Correcting Myrinet mapper problems
If you suspect that Myrinet problems are causing jobs to crash on a particular node, the first thing to do is to check that the Myrinet card in that node can see all the other nodes. The output of the command
mx_info should look like this:
MX Version: 1.1.1
MX Build:
root@gorgon:/usr/src/packages/BUILD/mx-1.1.1 Wed Mar 1 12:45:12 CET 2006
1 Myrinet board installed.
The MX driver is configured to support up to 4 instances and 1024 nodes.
===================================================================
Instance #0: 224.9 MHz LANai, 132.9 MHz PCI bus, 2 MB SRAM
Status: Running, P0: Link up
MAC Address: 00:60:dd:48:0e:6b
Product code:
M3F -PCIXD-2 V2.2
Part number: 09-03034
Serial number: 267207
Mapper: 00:60:dd:48:13:6f, version = 0x003873b8, configured
ROUTE COUNT
INDEX MAC ADDRESS HOST NAME P0
----- ----------- --------- ---
0) 00:60:dd:48:0e:6b node005:0 1,1
1) 00:60:dd:48:0e:c8 node001:0 1,1
2) 00:60:dd:48:0e:9b node003:0 1,1
3) 00:60:dd:48:0e:e2 node007:0 1,1
4) 00:60:dd:48:0f:07 node009:0 1,1
5) 00:60:dd:48:0e:d8 node011:0 1,1
6) 00:60:dd:48:13:6b node013:0 1,1
7) 00:60:dd:48:0e:89 node015:0 1,1
8) 00:60:dd:48:0e:e6 node002:0 5,2
9) 00:60:dd:48:0e:ca node006:0 6,2
10) 00:60:dd:48:0e:81 node010:0 6,2
11) 00:60:dd:48:0e:d1 node004:0 6,2
12) 00:60:dd:48:0e:e3 node012:0 4,2
13) 00:60:dd:48:0e:9a node014:0 6,2
14) 00:60:dd:48:0e:9f node016:0 5,2
15) 00:60:dd:48:13:6f node008:0 5,2
If one or more of the nodes are missing from the list in this output then something might have gone wrong with the FMA mapper (whatever that is). This often happens when nodes are restarted. The ability to
ping other nodes is not related to Myrinet connectivity. The ping response goes through ethernet not Myrinet, so the only way to test Myrinet connectivity is using
mx_info.
The Myrinet mapping problem can usually be rectified as follows.

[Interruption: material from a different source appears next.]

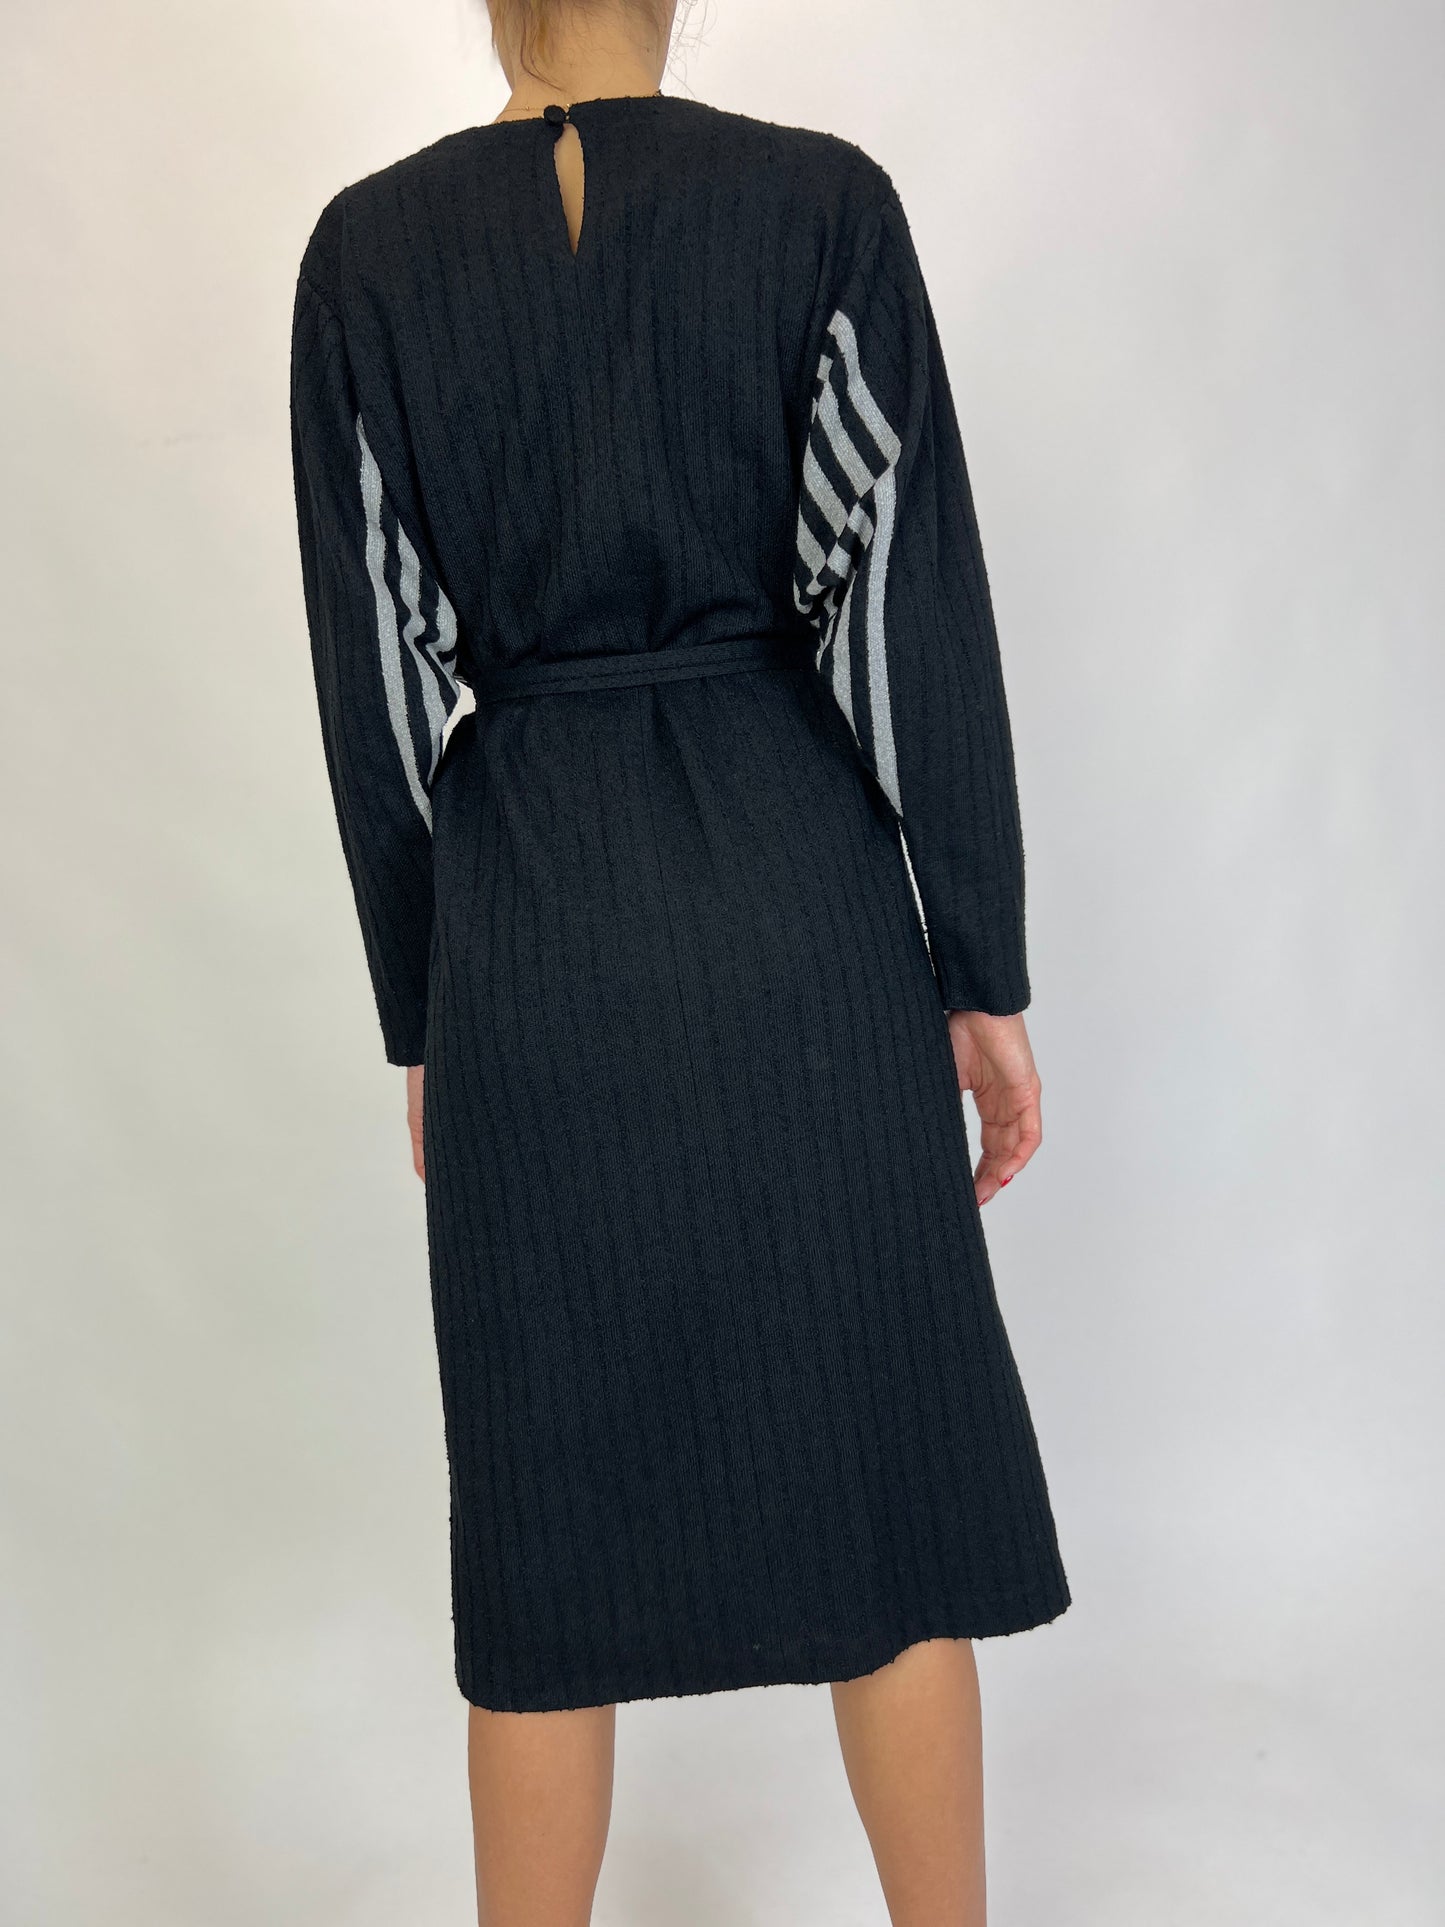 Rochie vintage cu mânecă fluture din tricot plin texturat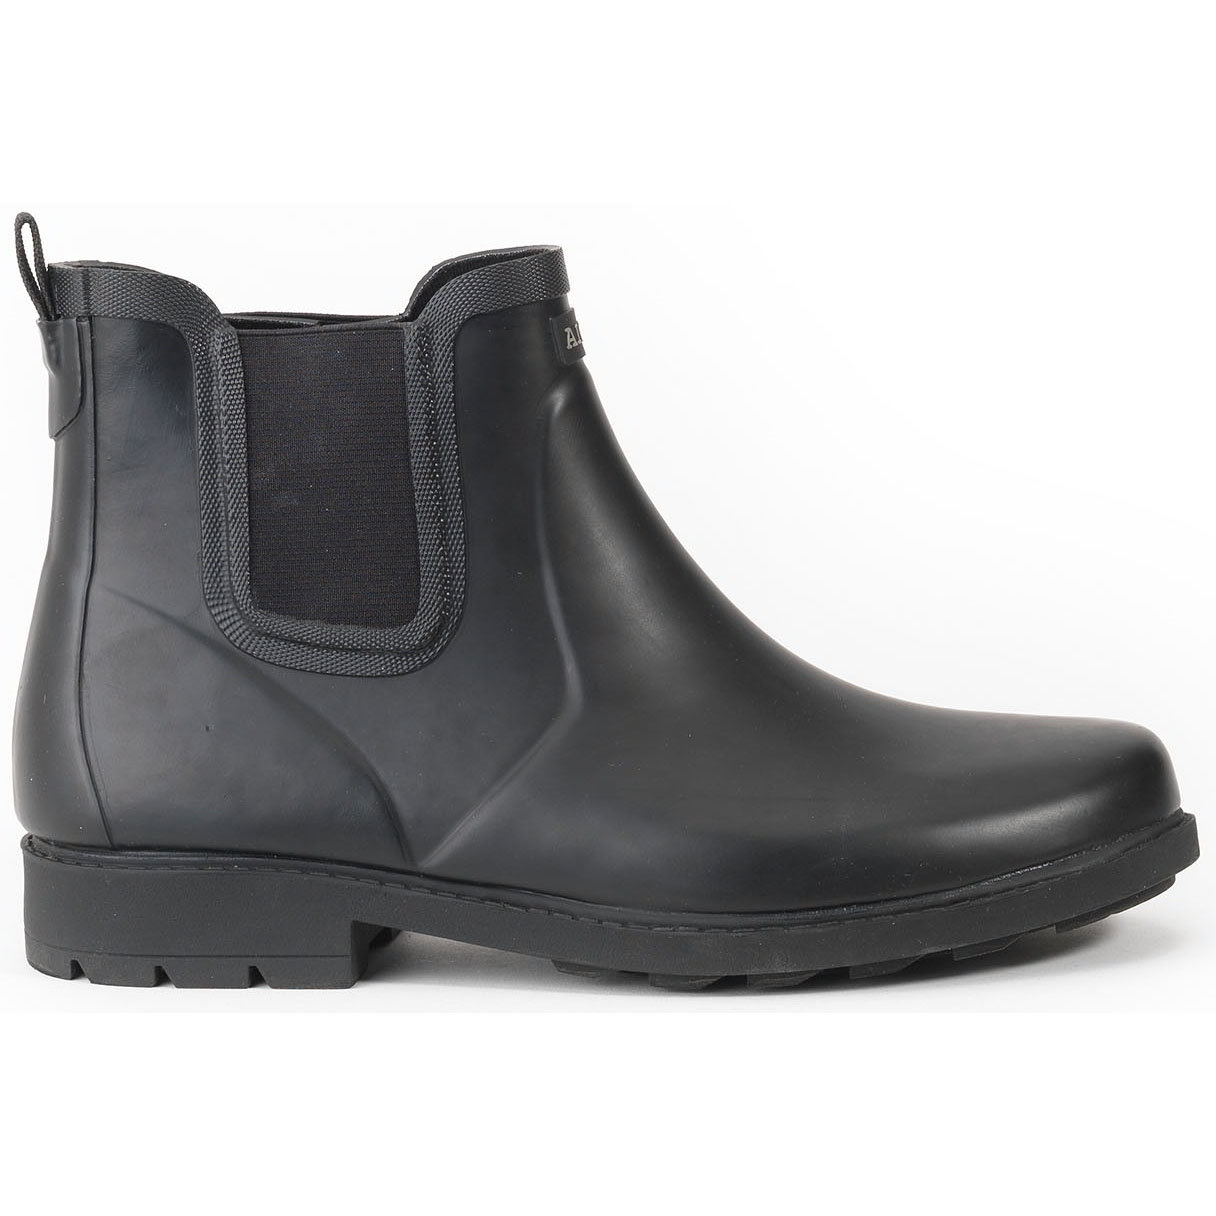 Aigle Mens Carville Wellies Ankle Rain Boots - UK 11.5 Black 2951

- Login to the node as root with rsh.
- Start qmon and remove the node you are working on from the host list @allhosts. To do this select "Host Configuration", go to the "Host Groups" tab, select @allhosts and click the "Modify" button. Select the offending node from the list and delete it using the bin shaped button. When you have finished press "Done".
- Check to see if any jobs are running on the node using the command " qhost -j ". If a job is running on the node you must wait for it to finish before proceeding any further.
- Run the mx_start_mapper script and wait for a few minutes. Try mx_info again to see if all the nodes are listed.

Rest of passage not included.